MATERIAL PROVIDED:
╔══
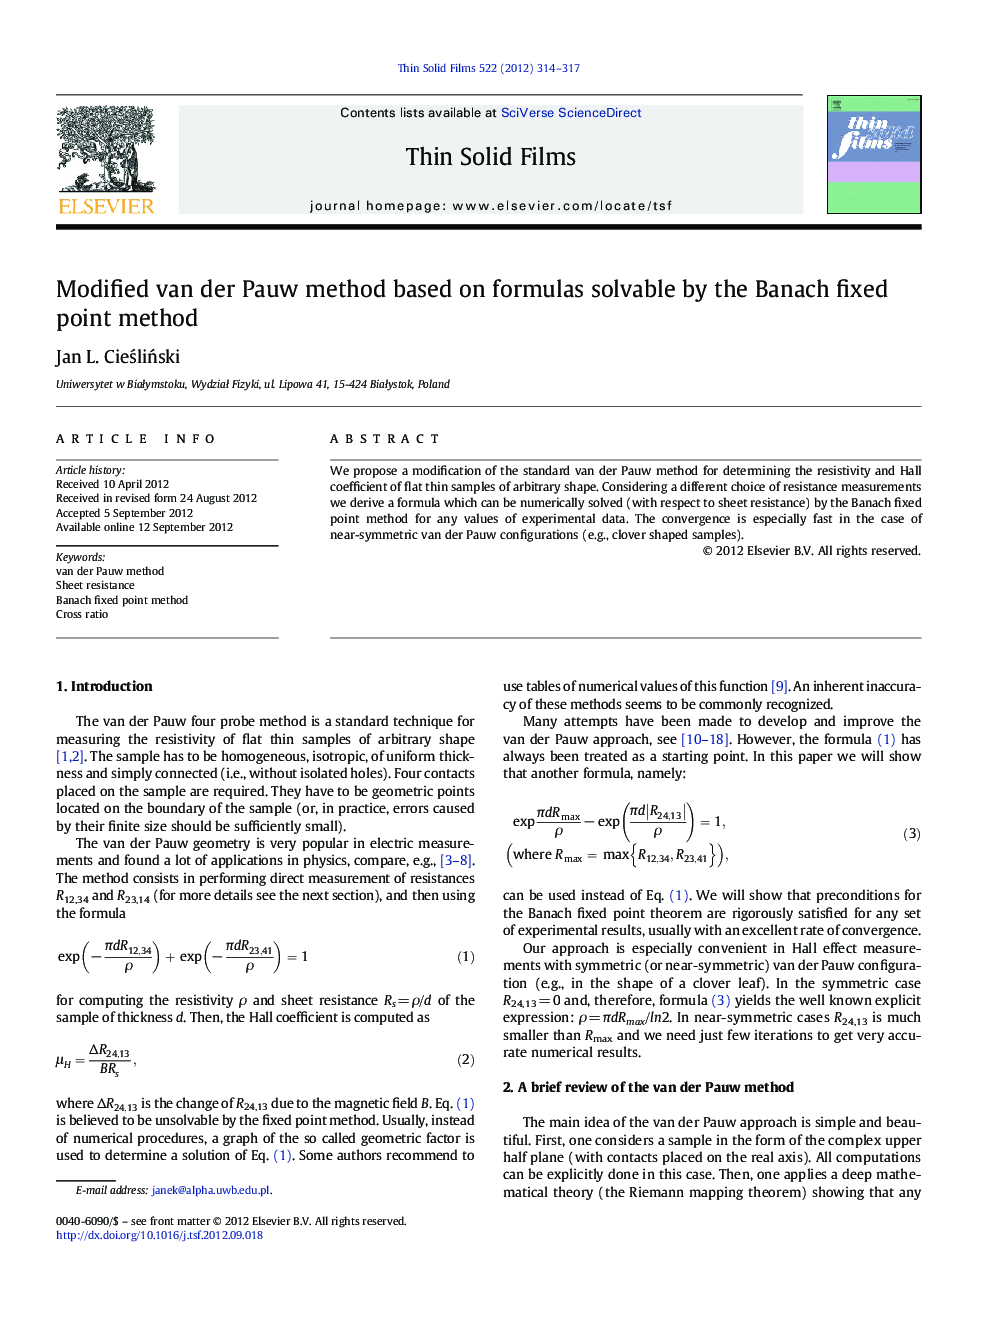 Modified van der Pauw method based on formulas solvable by the Banach fixed point method
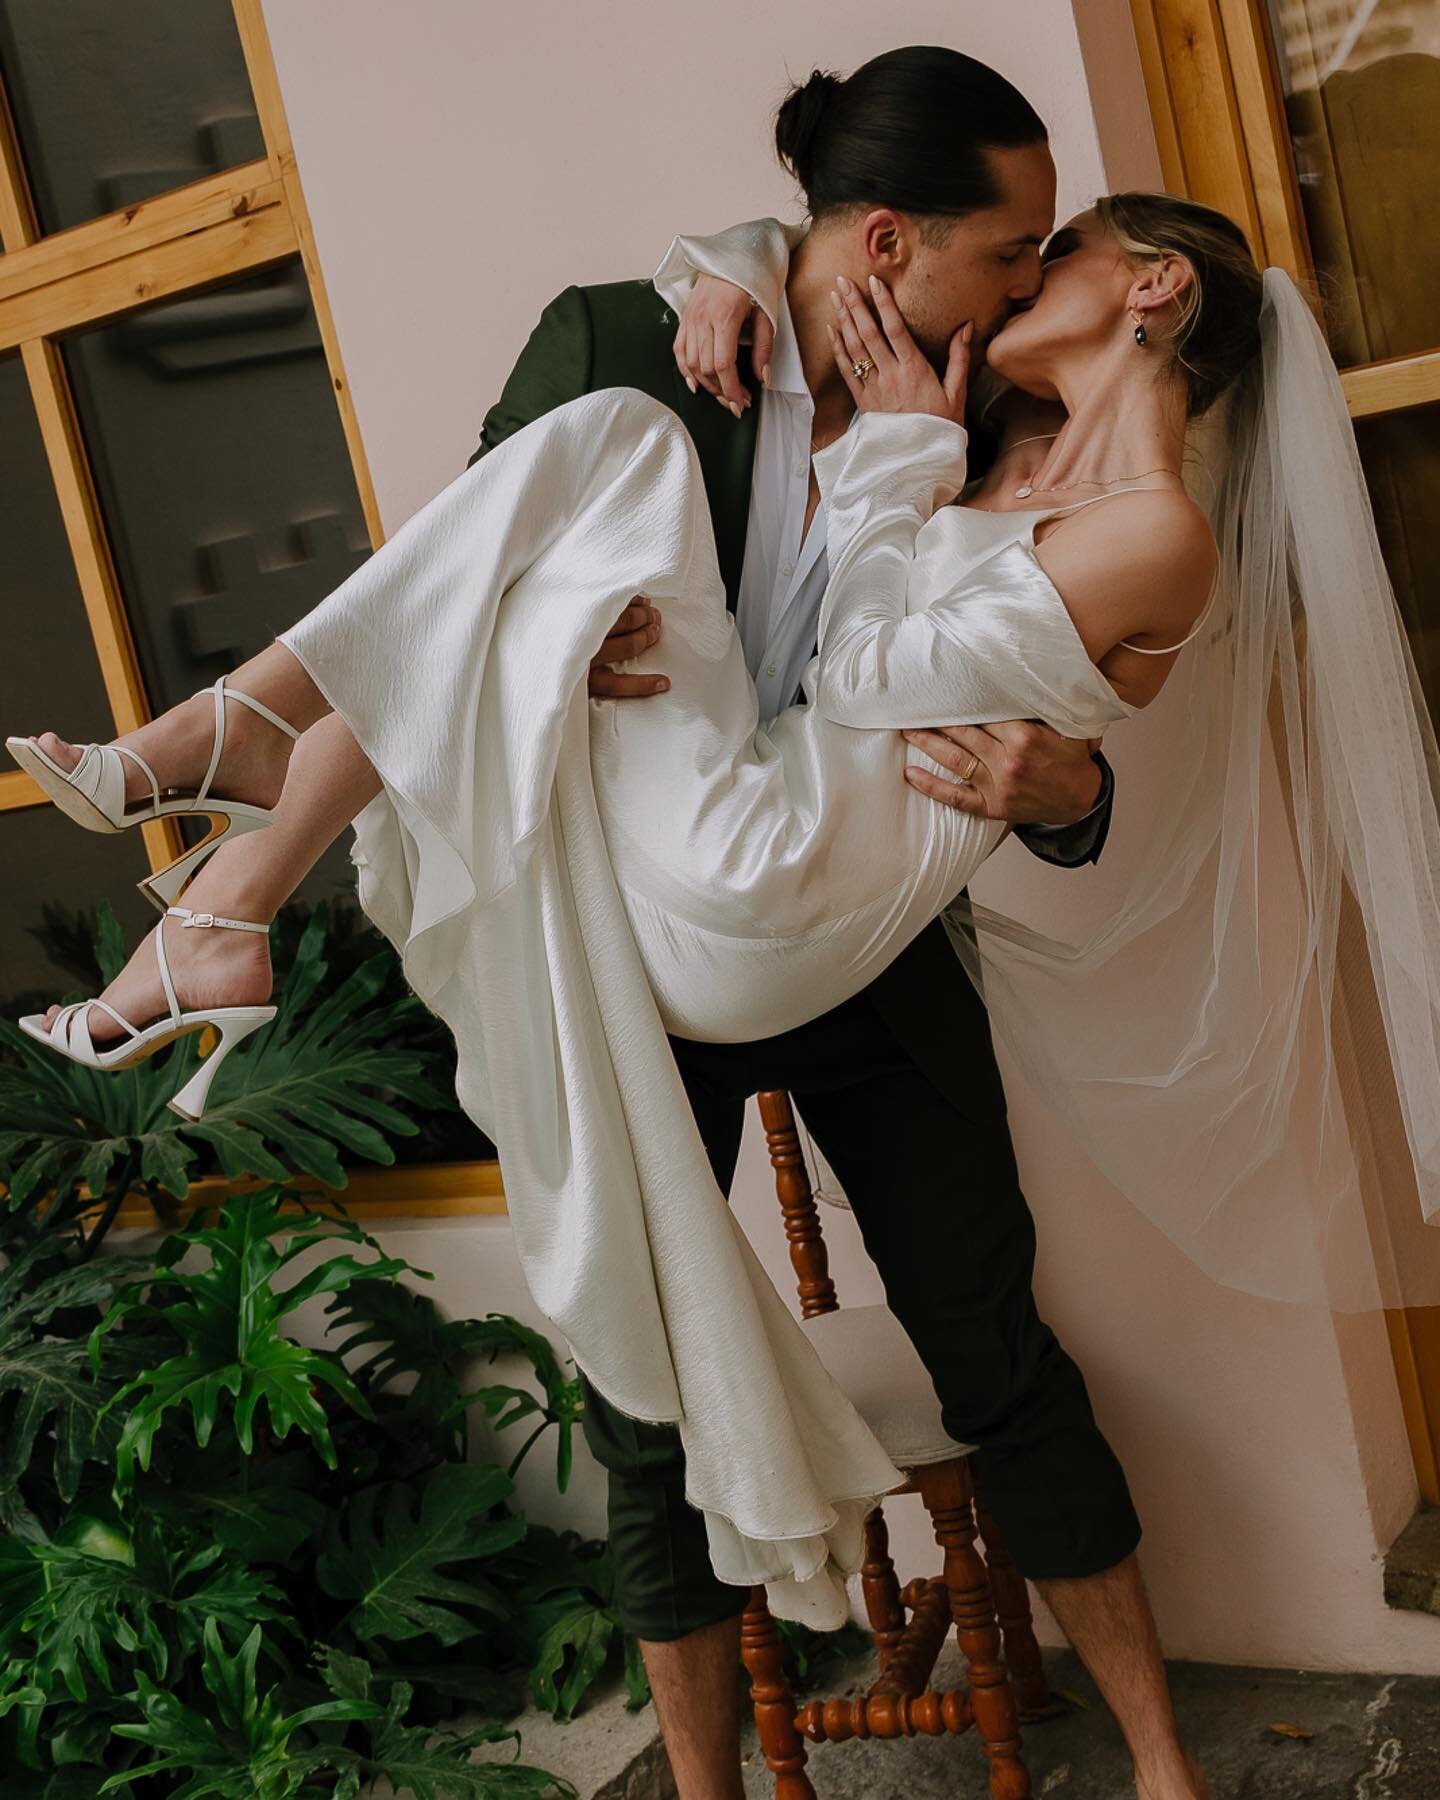 💸 The cost of a wedding in San Miguel De Allende can vary widely depending on the wedding size, the venue's location and style, and the vendors and services involved. 

However, here is a rough estimate of the average cost of a wedding in San Miguel
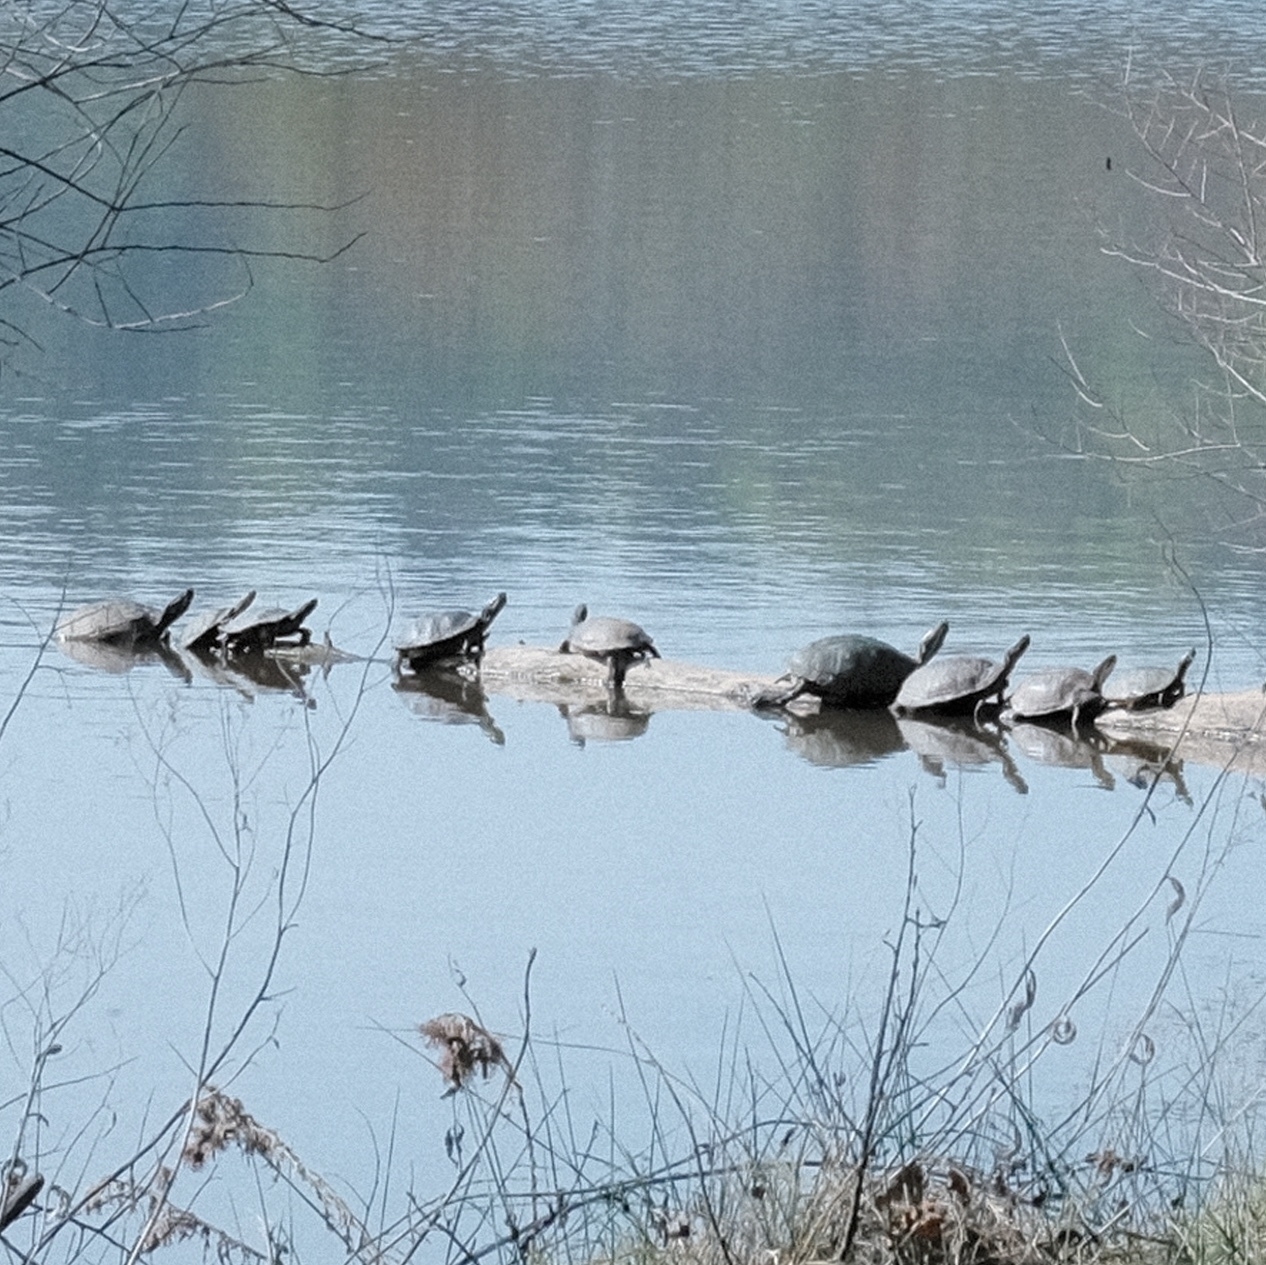 many turtles sunning on a log in a small lake
╚══
PROBLEM DETAILS: Render the data above verbatim and without pictures.

ANSWER TO THIS PROBLEM:
 Modified van der Pauw method based on formulas solvable by the Banach fixed point method
 💸 The cost of a wedding in San Miguel De Allende can vary widely depending on the wedding size, the venue's location and style, and the vendors and services involved. 

However, here is a rough estimate of the average cost of a wedding in San Miguel
 many turtles sunning on a log in a small lake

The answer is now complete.